文字数も多くは無いですが、多目に見て下さい。
鳴り止まない蝉の鳴き声と照りつく日の光の中
―俺は少女に恋をした―
ミーン、ミーンと蝉の鳴き声が聴こえる。
学校が夏の長期休暇に入って、一週間が過ぎた。
時間が過ぎるのは早いもので、夏休みが始まってもう一週間が過ぎてしまった……。
バイトもしていないので、24時間を自由に使えると言うのにまだ何もしていない。

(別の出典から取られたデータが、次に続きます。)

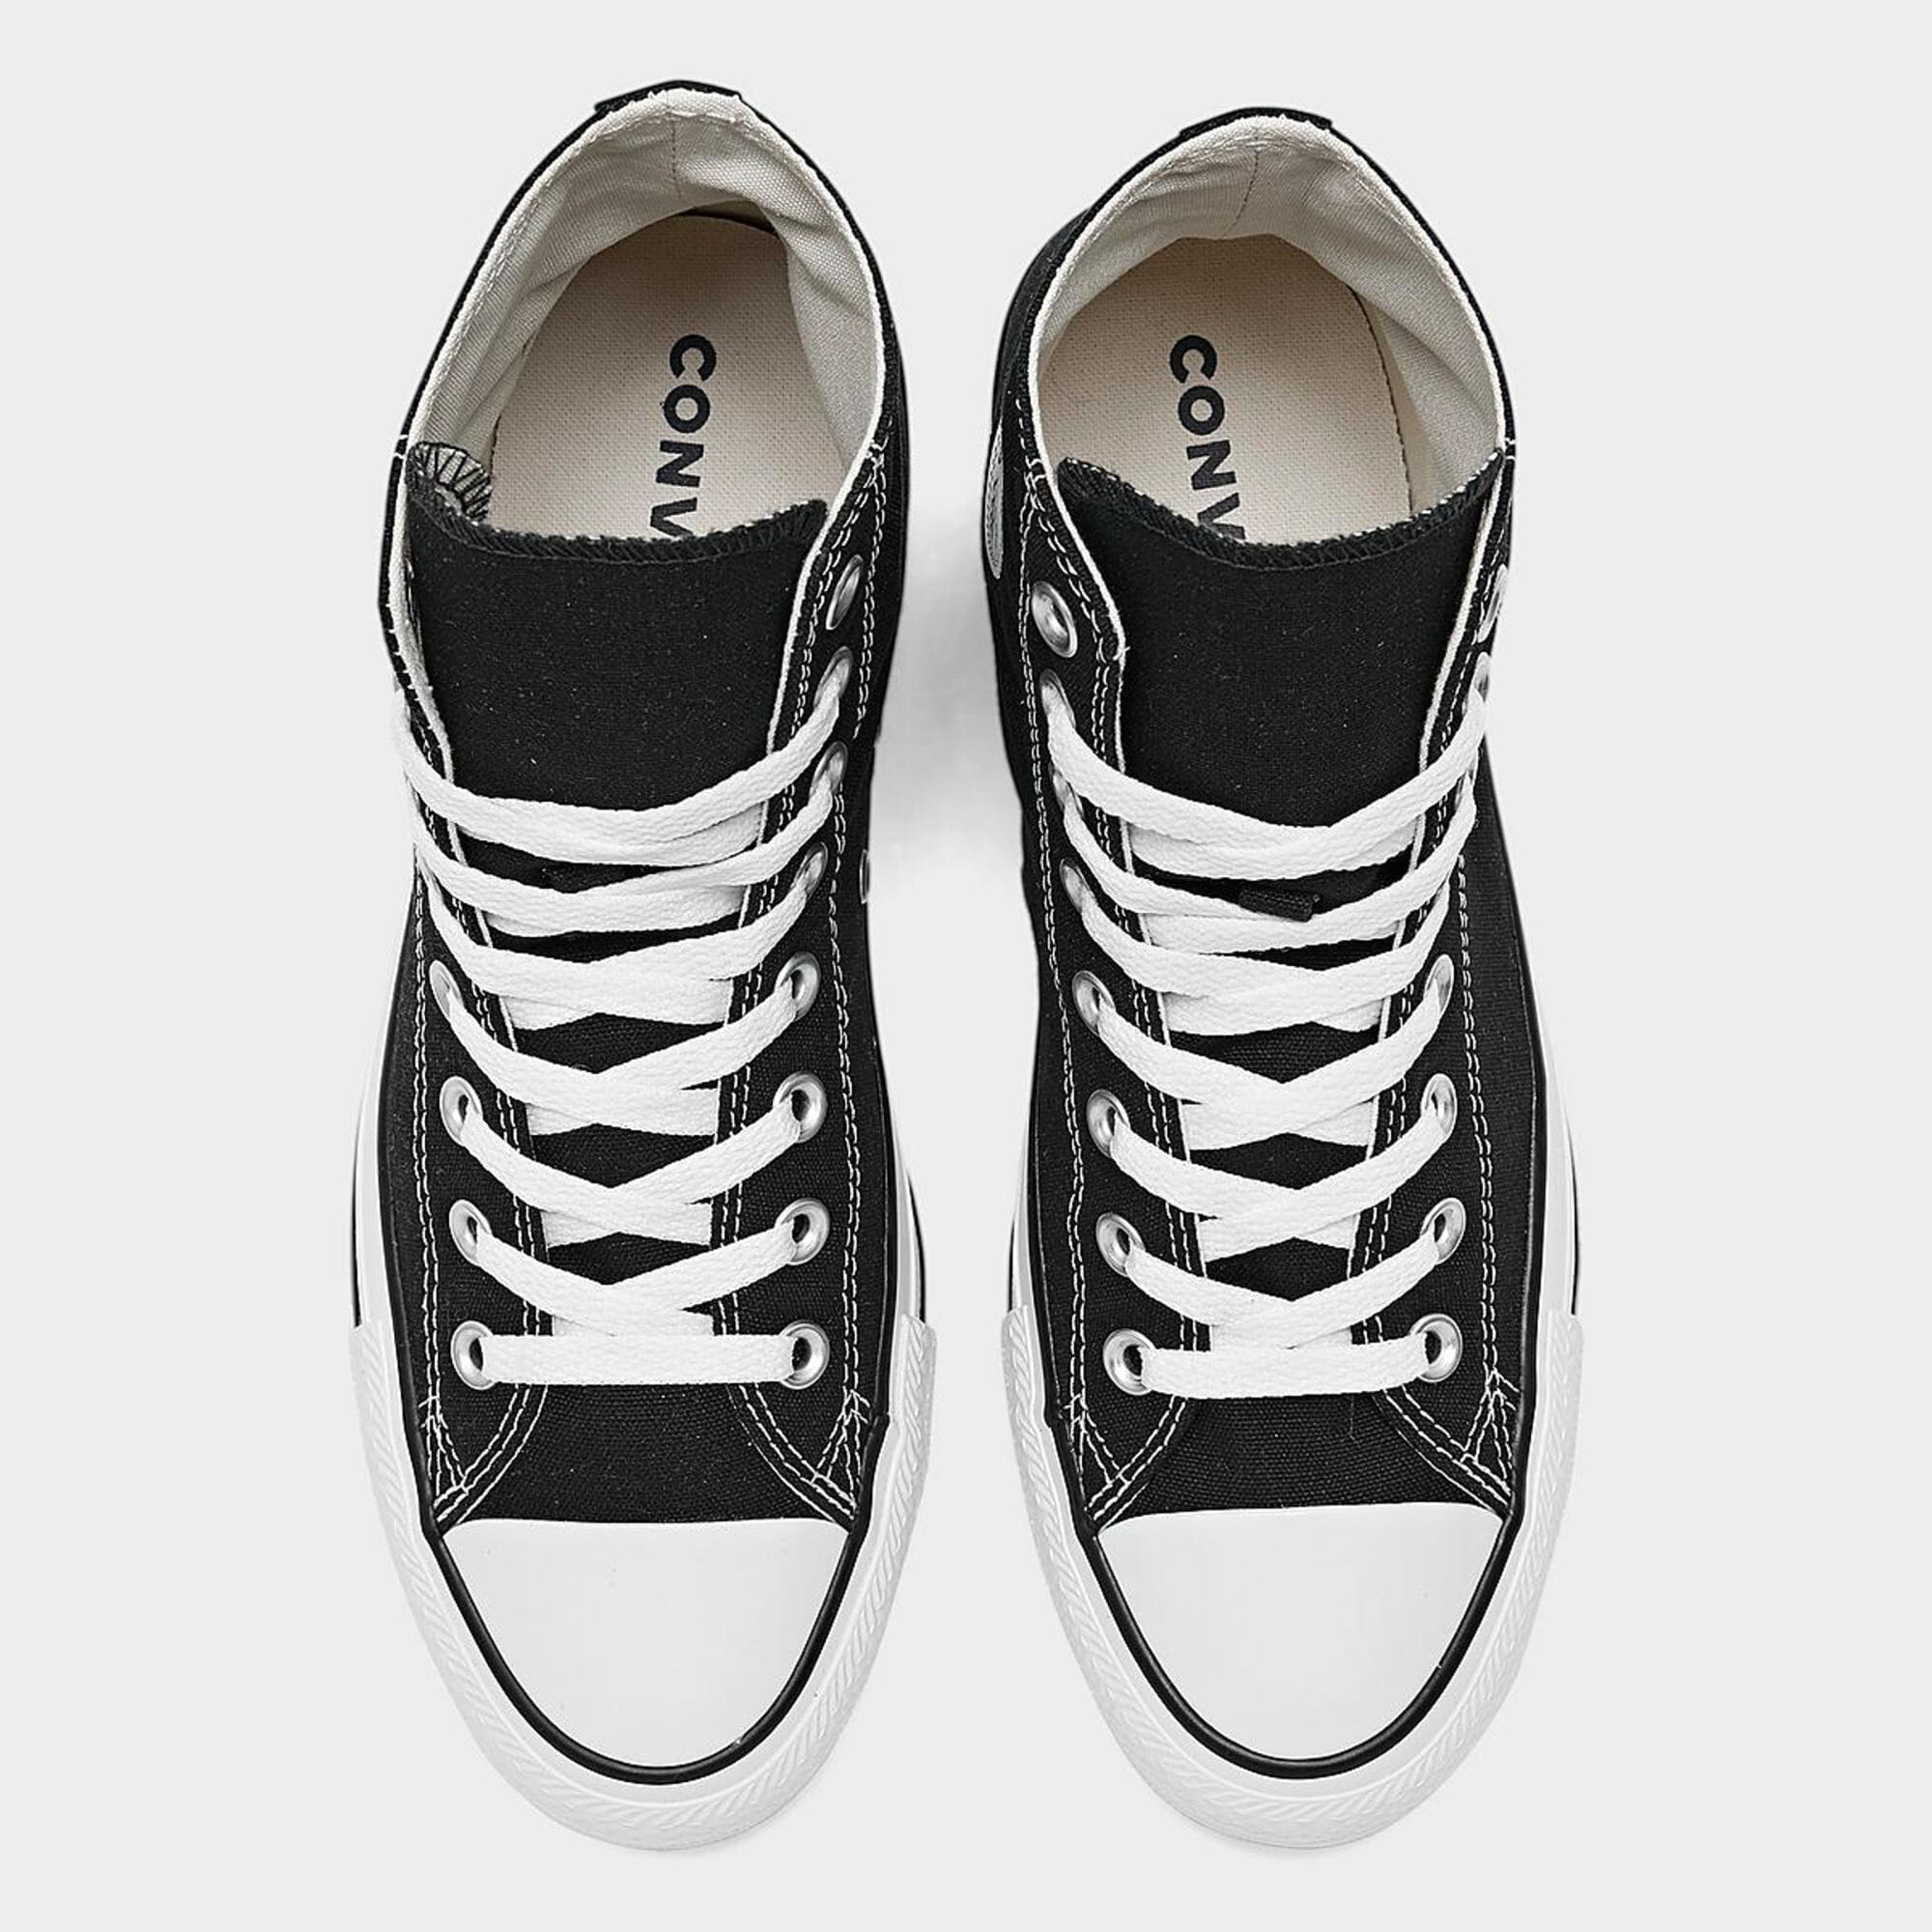 Women's Converse Chuck Taylor High Top Casual Shoes W9160 BLK | eBay
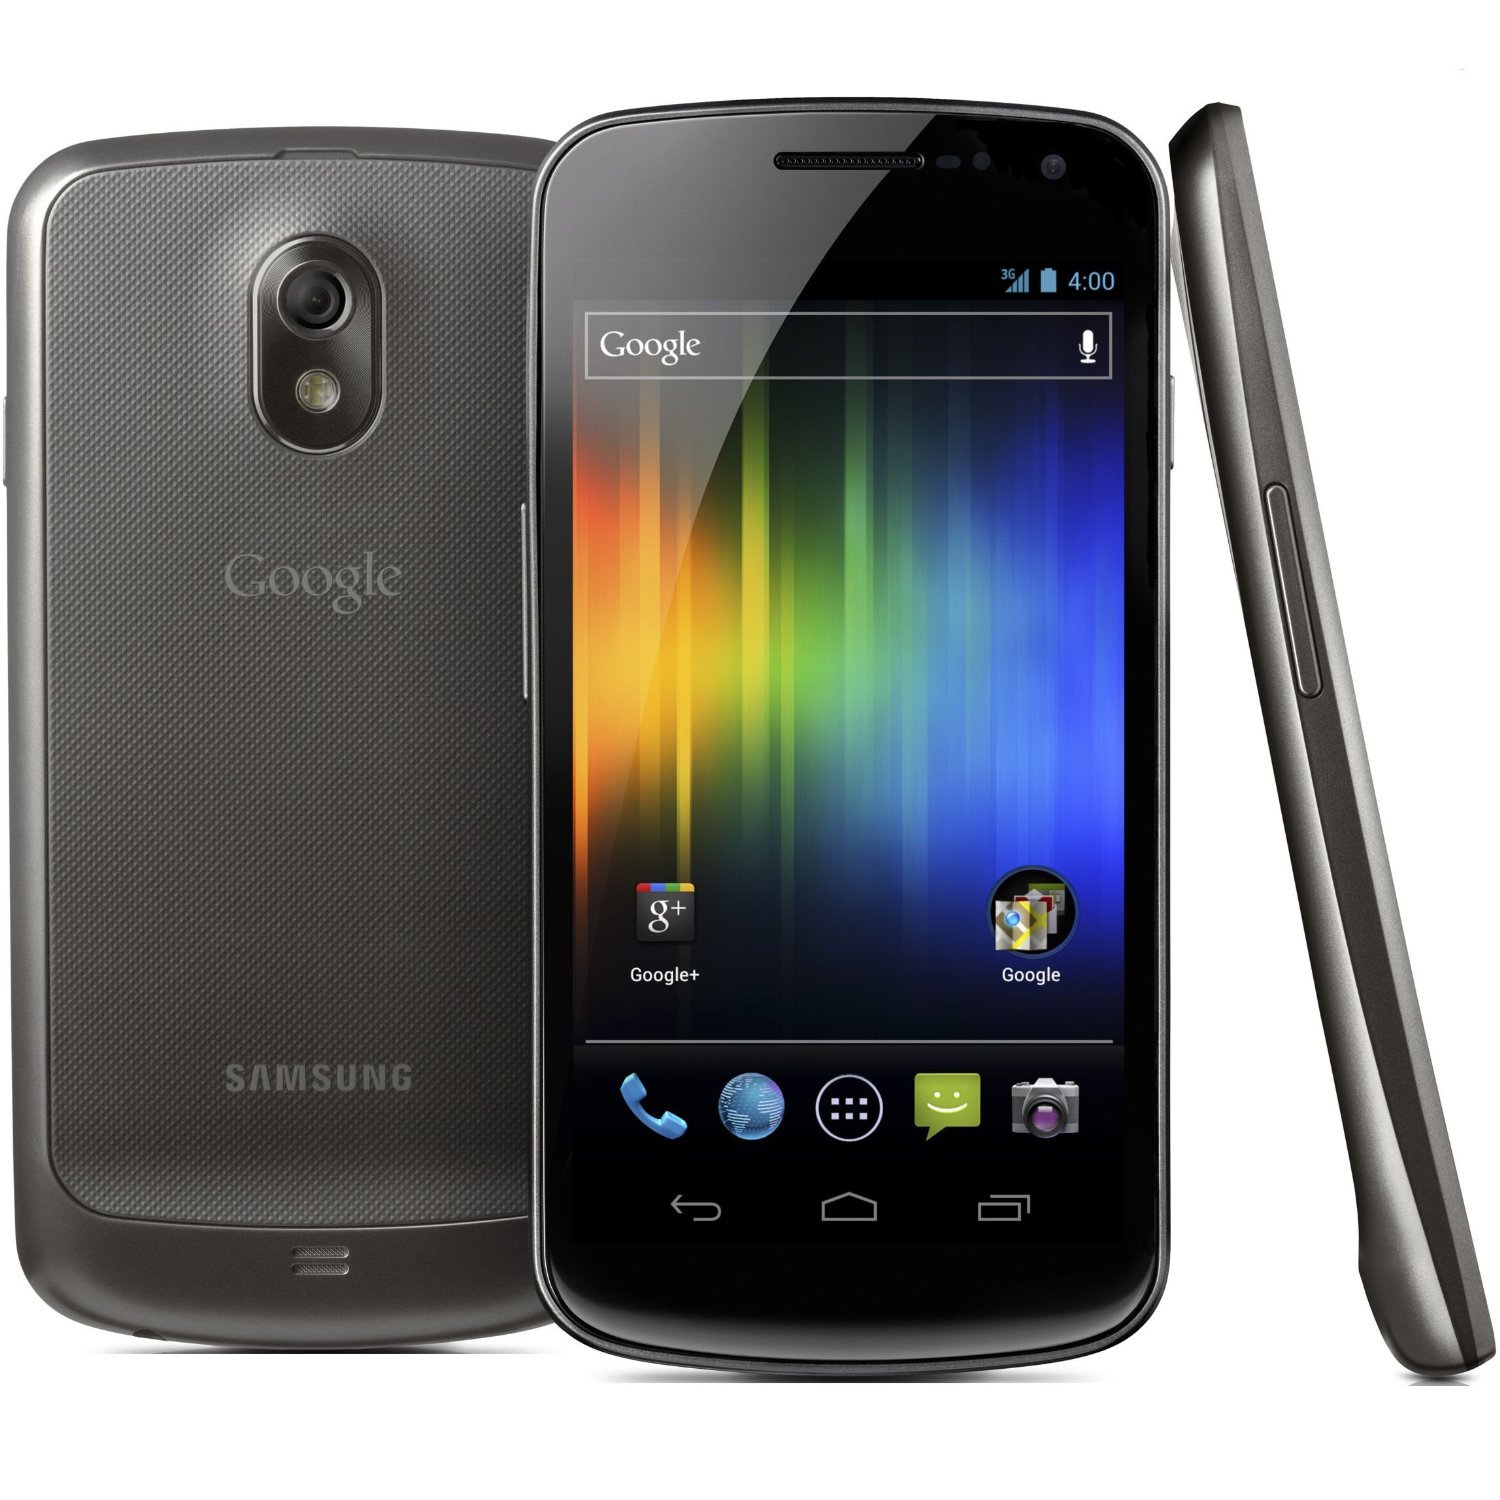 Samsung Galaxy Nexus I9250 specs, review, release date - PhonesData

と言うか家からも出ていない 。
それなら毎日何をして過ごしているのかと言うと…… テレビゲームやネットサーフィンをだらだらとやり続ける日々。
此処で1つ言っておくが俺は引きこもり、またニートやその他の類いではない。
時計を見ると12時を指している。
「そろそろ起きるか……」そう言って重たい身体を起こす。
母親はキャリアウーマンと言うやつで、母は何時も仕事で外国を飛び回っている。(仕事の内容は知らないが)
よって何時も家には俺自分独りだけだ。もう独りの生活にも慣れ、家事も手慣れたものだ。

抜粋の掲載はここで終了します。